Raw data section start
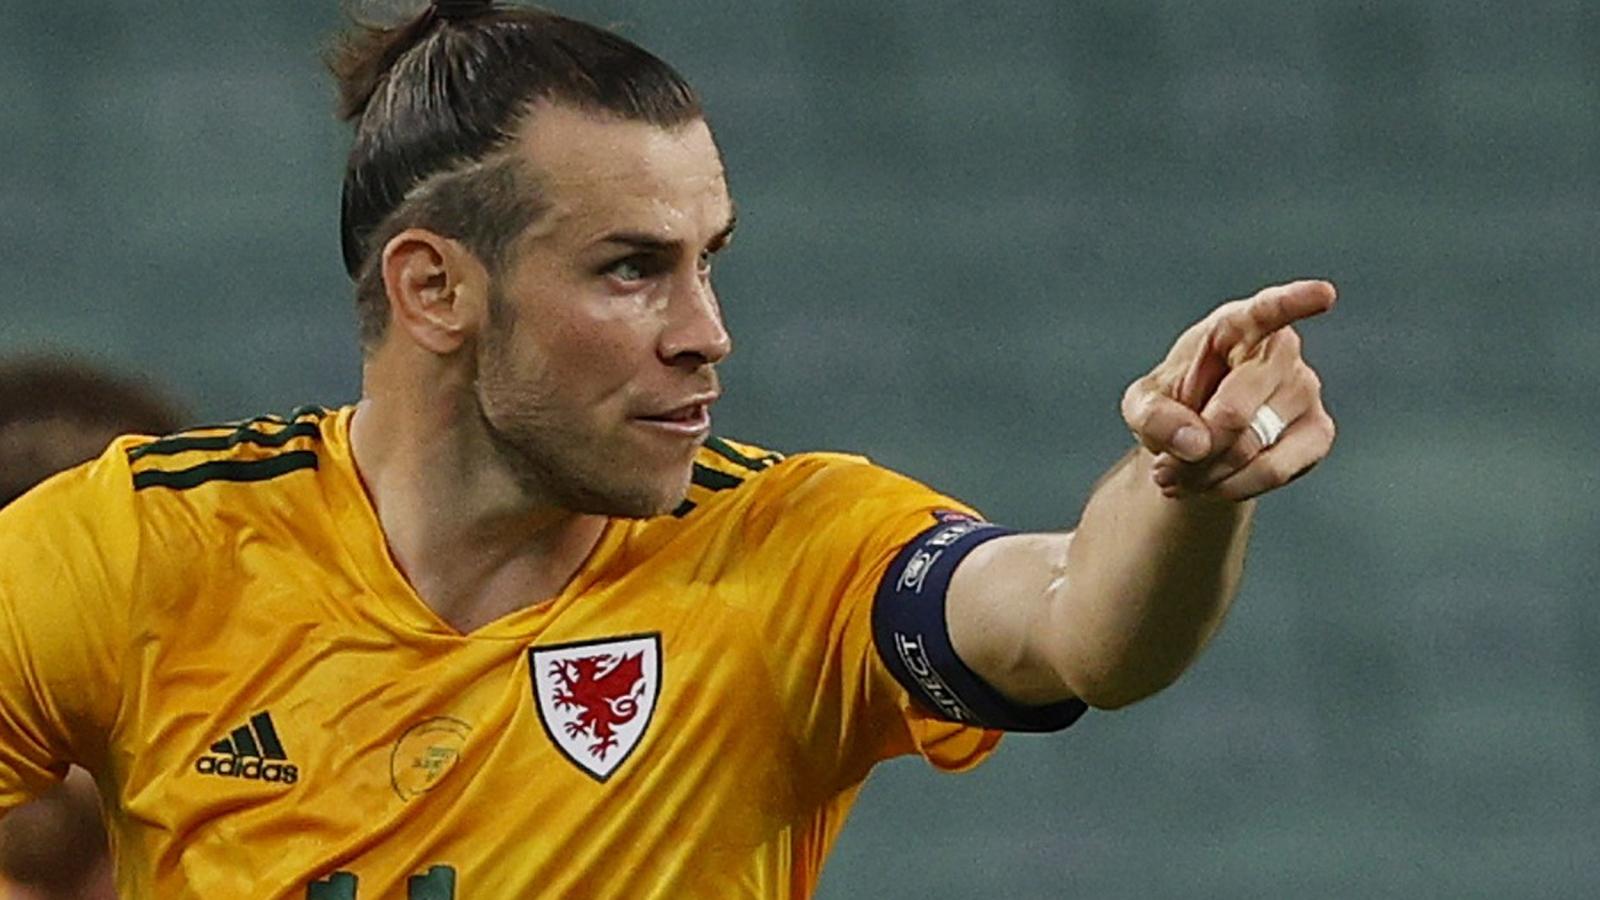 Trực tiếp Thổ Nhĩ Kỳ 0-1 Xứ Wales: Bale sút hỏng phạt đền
Raw data section end
Raw data section start
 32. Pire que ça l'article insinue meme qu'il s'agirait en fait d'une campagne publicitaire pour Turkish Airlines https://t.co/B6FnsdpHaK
Raw data section end
Raw data section start
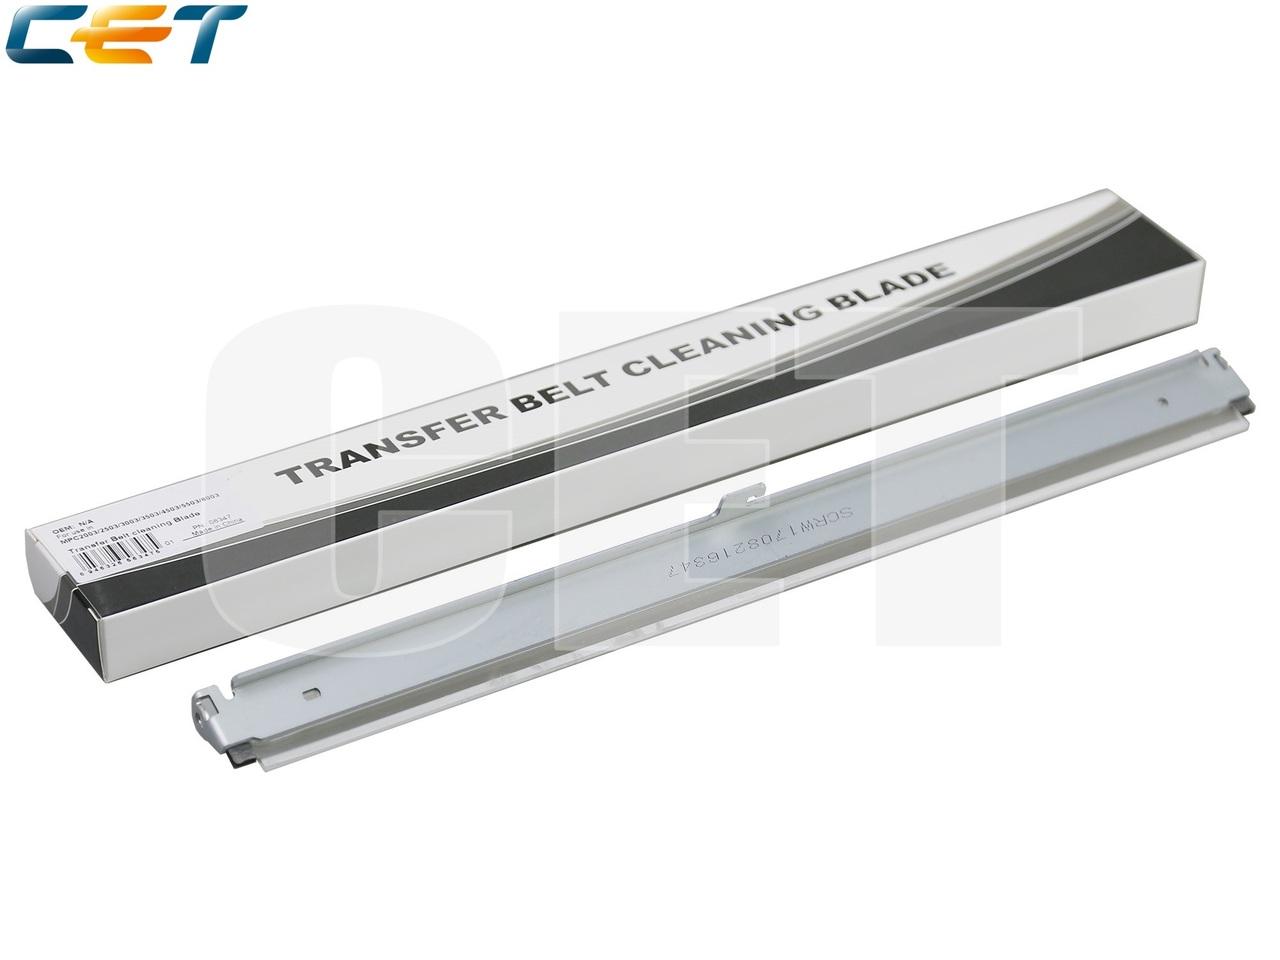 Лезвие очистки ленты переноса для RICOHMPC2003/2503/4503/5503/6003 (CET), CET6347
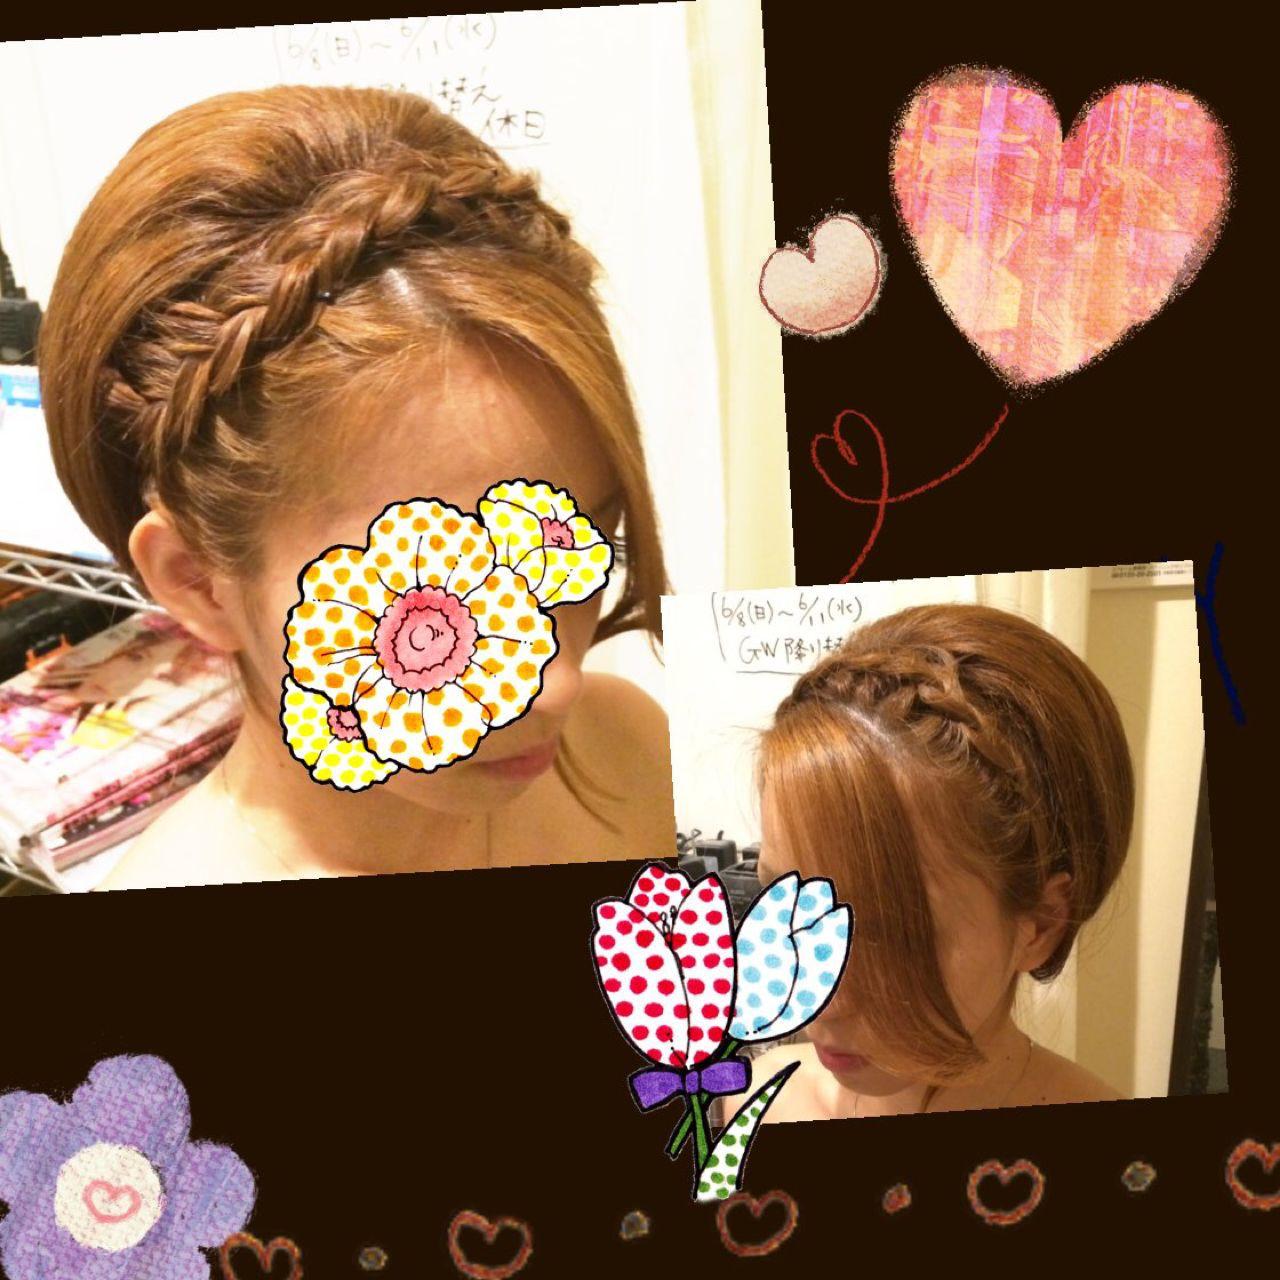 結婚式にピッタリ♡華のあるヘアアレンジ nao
Raw data section end
- What the task asks -
In the material above, which lines fall between the one holding "Лезвие очистки ленты" and the one holding "結婚式にピッタリ♡華のあるヘアアレンジ nao", inclusive? Print exactly those, with the pictures left out.

- Response box -
 Лезвие очистки ленты переноса для RICOHMPC2003/2503/4503/5503/6003 (CET), CET6347
 結婚式にピッタリ♡華のあるヘアアレンジ nao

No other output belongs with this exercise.